На следующее утро нас ждала очередная новость: на первой полосе «Йоннского республиканца» под огромным заголовком помещалось интервью с Клюзо. Комиссар торжествовал. Он поймал своего психопата — убийцу водителя грузовика, актера-кукловода и ассистентки дантиста. Это был один и тот же человек — как он и предчувствовал с самого начала; и теперь, ожидая, когда будут найдены убедительные доказательства, что было лишь вопросом времени, он тем временем всячески старался получить полное и чистосердечное признание мясника. Этот последний, некоторым образом застигнутый на месте преступления, пока отмалчивался, но это вряд ли могло продолжаться долго.
Едва лишь Клюзо сделал это заявление, как в самый разгар уик-энда, накануне Троицына дня, стало известно, что труп жены мясника исчез. Я как раз недавно виделся с комиссаром на улице дю-Пон, в баре «Поль Бер», куда он зашел «по-быстрому промочить горло» в перерыве между двумя допросами. Он первый заговорил со мной. Комиссар ни в коей мере не собирался оправдывать мясника или доказывать наличие у него сообщника, но никак не связывал исчезновение тела жертвы с остальными убийствами. Это просто дурацкий фарс, устроенный с целью дискредитировать полицию. Факты отнюдь не указывали на то, что он ошибался. Тело исчезло вскоре после ареста убийцы. Агент Ковиак, дежуривший на месте преступления, стоял у входа в мясную лавку, закрывая путь посторонним и ожидая прибытия машины судмедэкспертизы, которая должна была забрать тело. Стальные жалюзи были полуопущены. Вдруг с улицы Лаффон донесся пронзительный крик. Полицейский не раздумывая бросился туда. Он смутно разглядел чей-то убегающий силуэт в самом конце улицы и бросился в погоню. Несмотря на свои двести десять фунтов веса, он бежал до улицы Кошуа, но напрасно. Когда он вернулся к мясной лавке, на первый взгляд все было как прежде, за исключением наконец подъехавшей машины. Однако, войдя внутрь в сопровождении санитаров с носилками, он вынужден был признать тот факт, что в разделочной нет ни грамма человеческой плоти.

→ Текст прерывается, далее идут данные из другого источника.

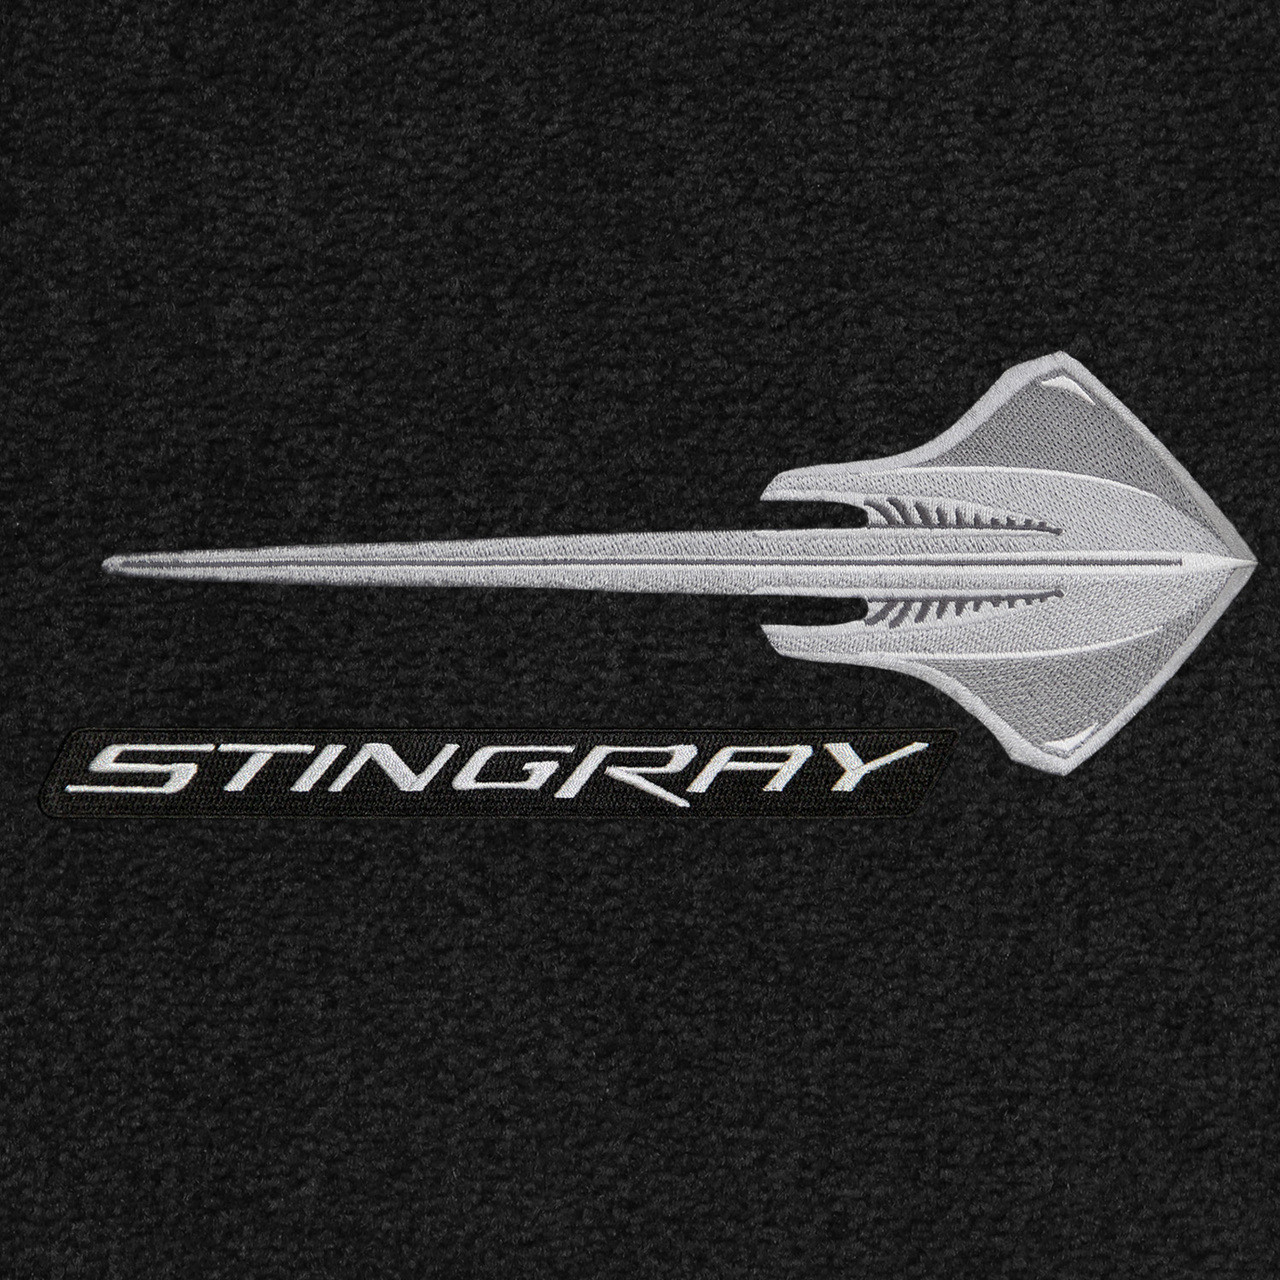 C7 Silver Stingray w/ Silver Stingray Lettering, Ebony Mat

Слегка понизив голос, Клюзо рассказал мне о небольшой группе юных «леваков», за которыми полиция тайно наблюдала в течение нескольких недель и чьи листовки пропагандировали «широкомасштабную практику фарса», направленную в первую очередь против «тупой и репрессивной буржуазной власти». Эта марксистско-гомбровичевская[66]терминология сразу заставила меня вспомнить о «Содружестве фуксии». Однако я не стал ничего говорить комиссару, тем более что он, слегка прищурившись и дымя мне прямо в лицо своей сигарой, намекнул на возможное участие Прюн в этой группировке — она неоднократно была замечена среди прочих участников. «Она вполне может оказаться в участке, эта малышка, вместе со своими приятелями Шапелло и Пеллереном!» Так я и узнал фамилию молодого человека в красном шлеме и его приятеля-зубоскала, предводителя группировки, которых коллеги комиссара как раз собирались допрашивать, когда мы разговаривали.
Но, слава богу, через час Эглантина сообщила мне, что ее сестра с четверга гостит у бабушки в Понтиньи, где проведет две недели, как обычно бывает каждое лето. Затем родители собирались отправить ее на языковую стажировку в Англию — Прюн сначала сама попросила об этом, но с недавних пор и слышать не хотела о поездке. Эглантина недолго скрывала от меня, что у сестры «что-то происходит» с юным Пеллереном. «Ничего серьезного, чисто физическое влечение», — пошутила она. Она хотела сказать, что у Прюн, чьи культурные запросы не простираются дальше Мэри Хиггинс Кларк, Леонардо ди Каприо и рубрики «Красота» в журнале «Двадцать лет», вряд ли найдутся общие темы для разговора с юным интеллектуалом, который наизусть сыплет цитатами из Бодлера и Ги Дебора.[67]